Democrat Linda Sanchez from California called the measure "reckless," and Democrat Jay Inslee from Washington state derided it as "deja-voodoo economics."

Immediately prior to passage, which came shortly before midnight, lawmakers defeated a Democratic amendment to toughen the estate tax provisions in the package by a 194-233 margin.

The White House compromise sets the inheritance tax rate at 35 percent and exempts estates under five million dollars, compared to 45 percent and 3.5 million dollars in a House-passed bill earlier this year.

Obama -- who campaigned on a vow to let tax cuts lapse on income over 250,000 dollars for families or 200,000 dollars for individuals -- dropped that insistence after the November election and urged fellow Democrats to do the same.

Right after the Senate passed the plan, Obama called on skeptical House Democrats to pass the bill unchanged, in one of their last acts before Republicans take control of the chamber in January.

Republican House speaker-designate John Boehner said "failing to stop all the tax hikes would have destroyed more jobs and deepened the uncertainty in our economy" and called the bill "a good first step."

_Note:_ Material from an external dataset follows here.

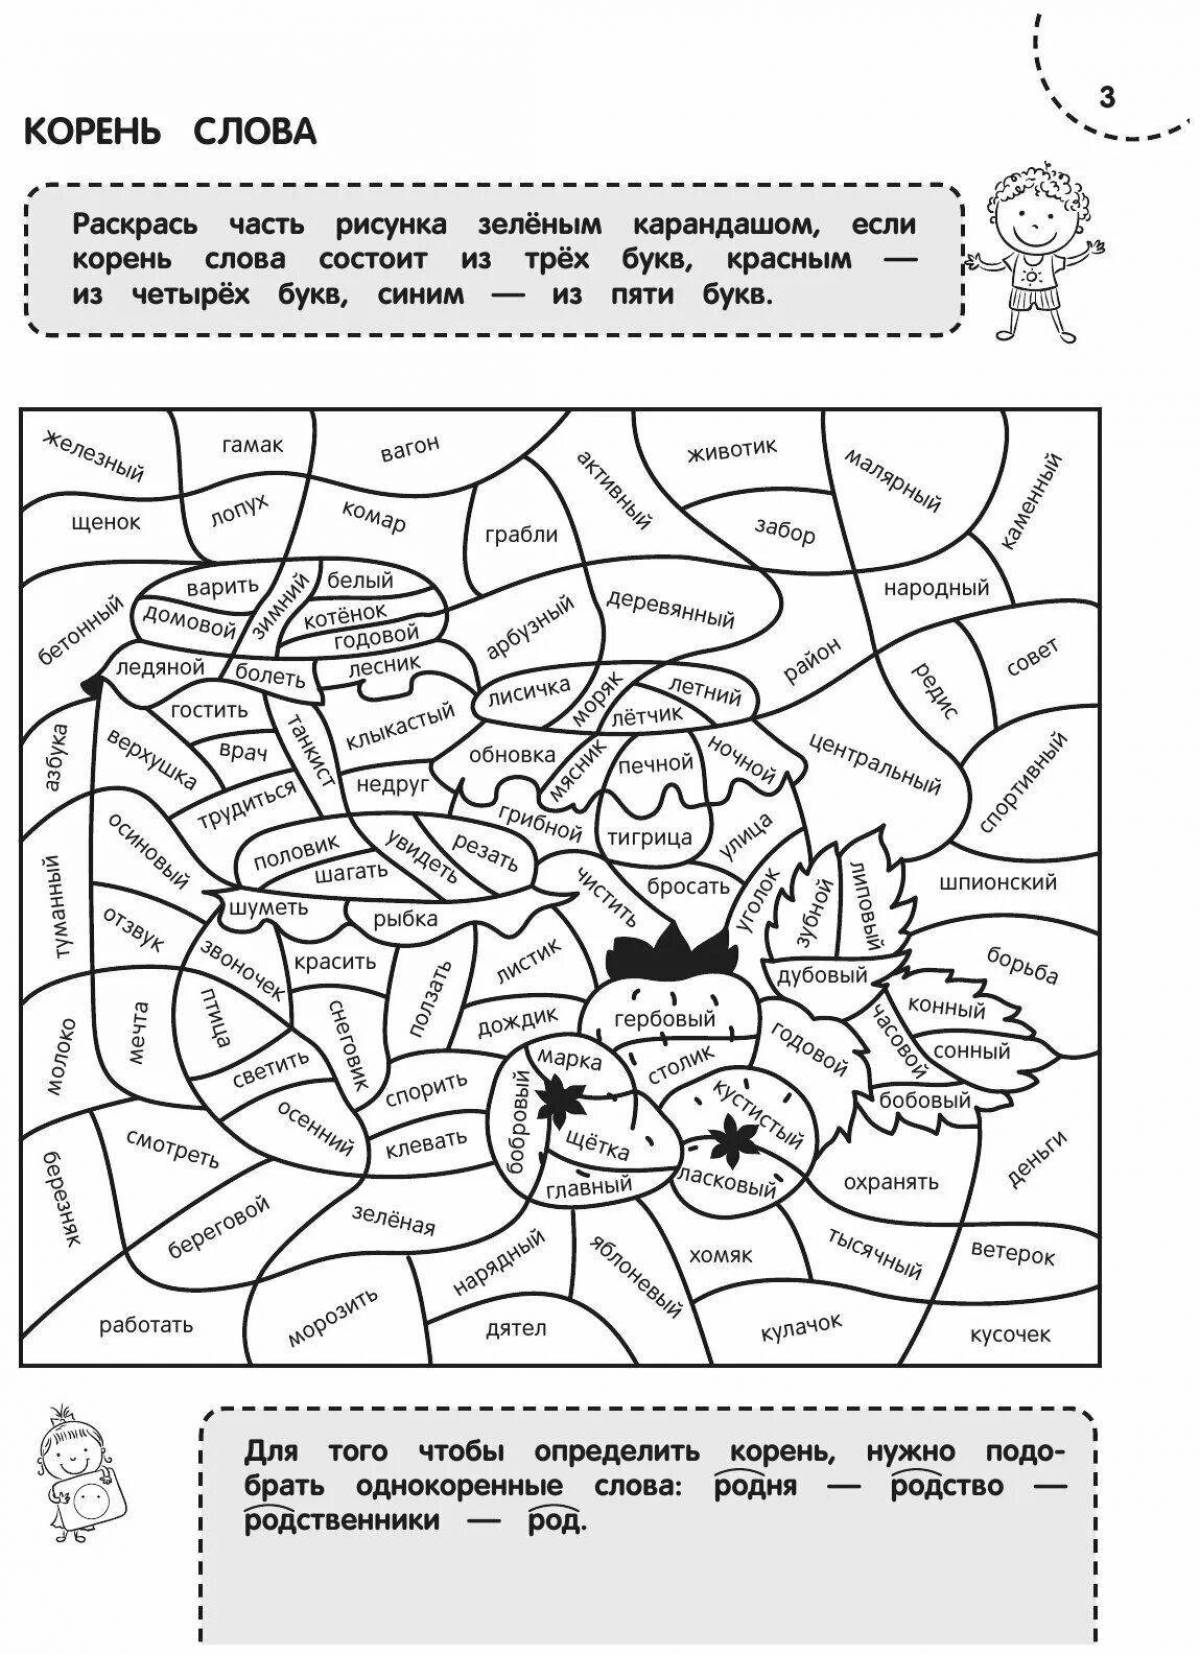 A fascinating Russian coloring book for 2nd grade

At the same time, the US Senate forged ahead on Obama's top foreign policy, the new Strategic Arms Reduction Treaty (START) with Russia, as Republicans worked to kill the nuclear arms control accord or at least put off a final vote until next year.

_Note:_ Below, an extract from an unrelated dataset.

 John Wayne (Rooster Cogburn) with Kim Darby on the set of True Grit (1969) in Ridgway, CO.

Top US military officials rebuffed Republicans charges that the pact will cripple US missile defense plans, as Democratic Senate Majority Leader Harry Reid set the stage for a likely ratification vote next week.

"We need START and we need it badly," General James Cartwright, the vice chairman of the Joint Chiefs of Staff, told reporters, stressing the treaty included "no prohibitions to our ability to move forward in missile defense."

"This treaty in no way limits anything we have in mind or want to do on missile defense," agreed Defense Secretary Robert Gates. "I think that there were some legitimate concerns. But, frankly, I think they've been addressed."

The agreement -- which has the support of virtually every present and past US foreign policy or national security heavyweight -- restricts each nation to a maximum of 1,550 deployed warheads, a cut of about 30 percent from a limit set in 2002, and 800 launchers and bombers.

The accord would also return US inspectors who have been unable to monitor Russia's arsenal since the treaty's predecessor lapsed in December 2009.

Obama won a critical victory when lawmakers voted 66-32 Wednesday to take up the pact, showing Democrats within striking distance of the 67 votes needed to ratify START if all 100 Senators are present.

One of those absent, Democratic Senator Evan Bayh, has pledged to back the agreement.

Democratic Senator Ron Wyden has said prostate cancer surgery may cause him to miss the final vote, but his absence would mean the treaty needs 66 votes to be ratified.

Come January, when Senate Democrats see their numbers shrink to 53, they will need to get 14 Republicans -- up from nine -- to ratify the treaty.